## Given material
════════════════════
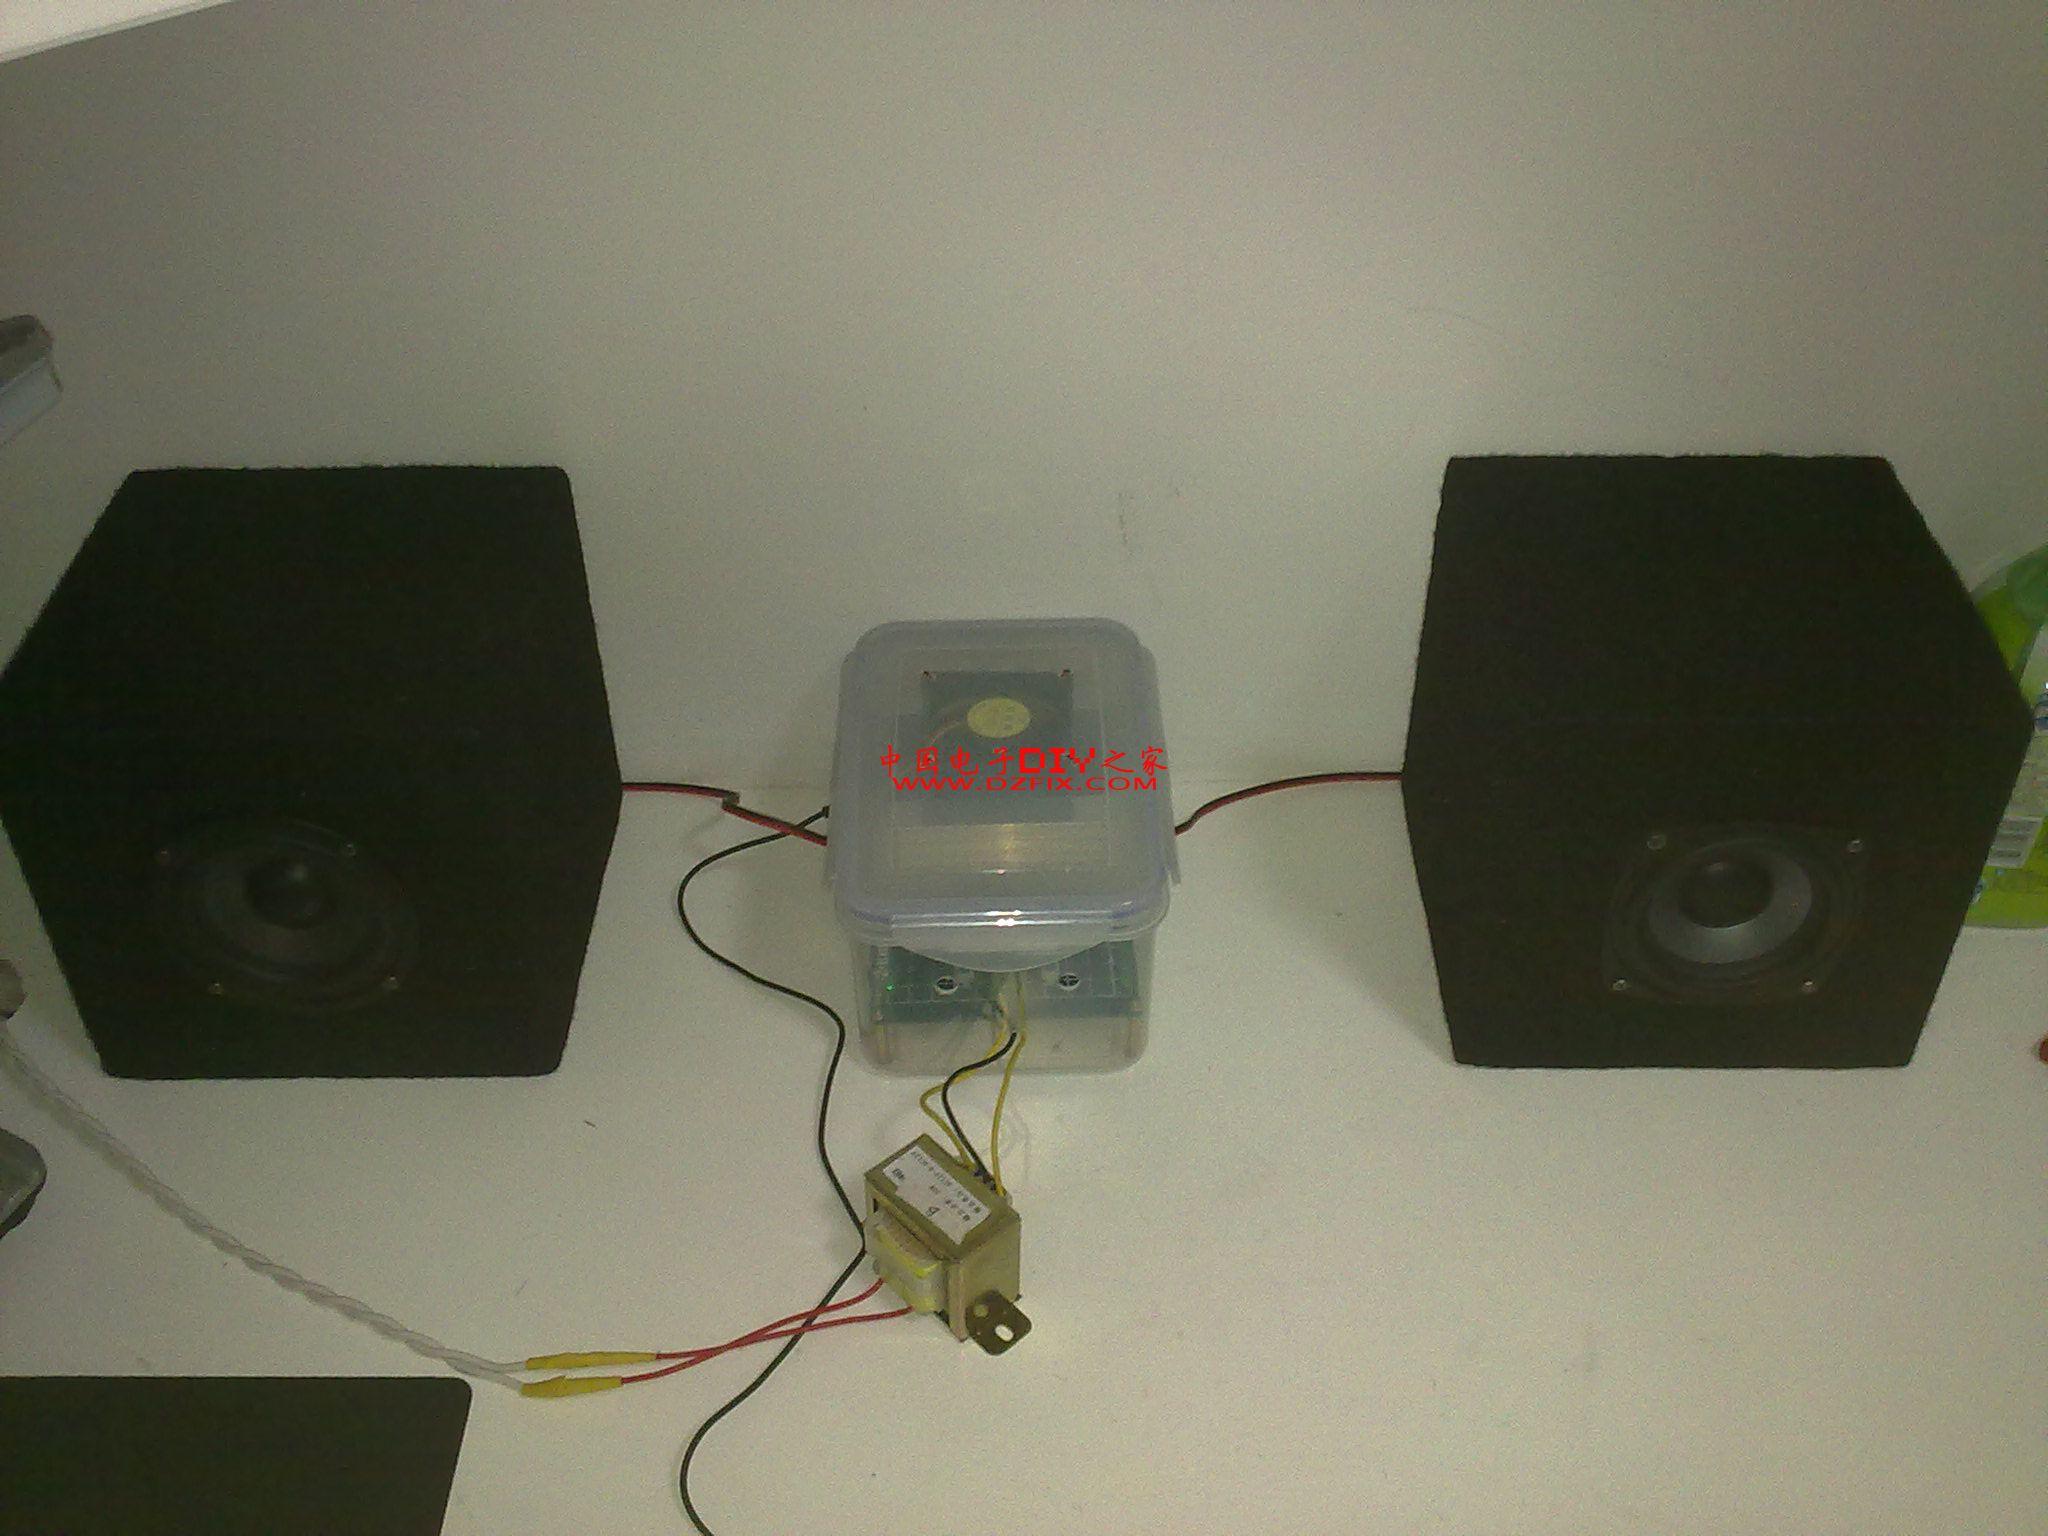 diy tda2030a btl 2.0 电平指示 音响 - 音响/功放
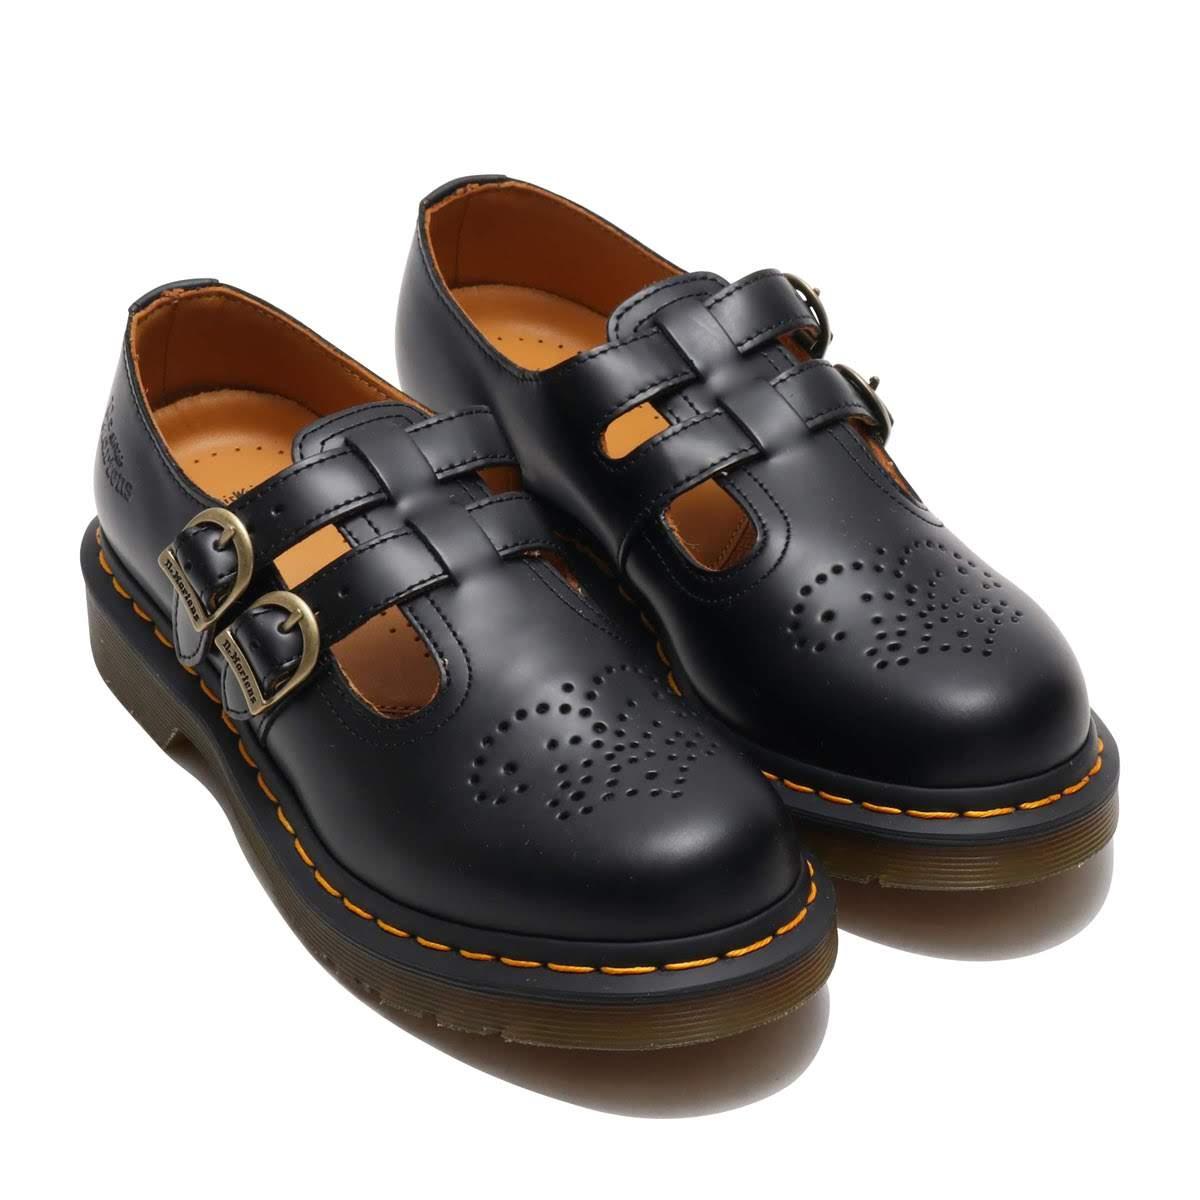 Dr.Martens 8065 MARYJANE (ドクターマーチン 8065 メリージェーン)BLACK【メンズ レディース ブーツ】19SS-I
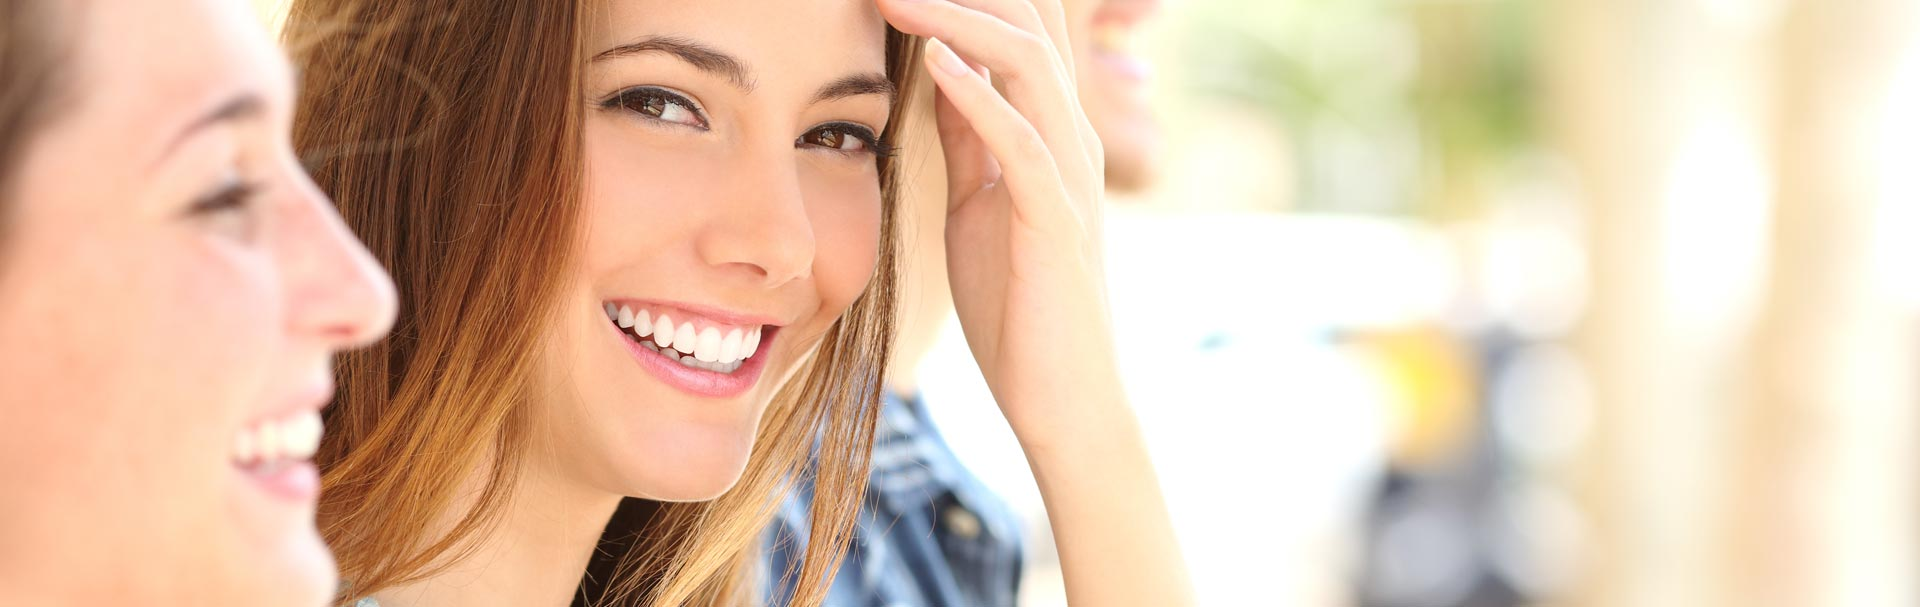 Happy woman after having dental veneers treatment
════════════════════
## Task prompt
Your output must consist only of the lines from the line with "Dr.Martens 8065 MARYJANE" through the final line of the data, both included, reproduced exactly and free of pictures.

## Reply to the exercise
 Dr.Martens 8065 MARYJANE (ドクターマーチン 8065 メリージェーン)BLACK【メンズ レディース ブーツ】19SS-I
 Happy woman after having dental veneers treatment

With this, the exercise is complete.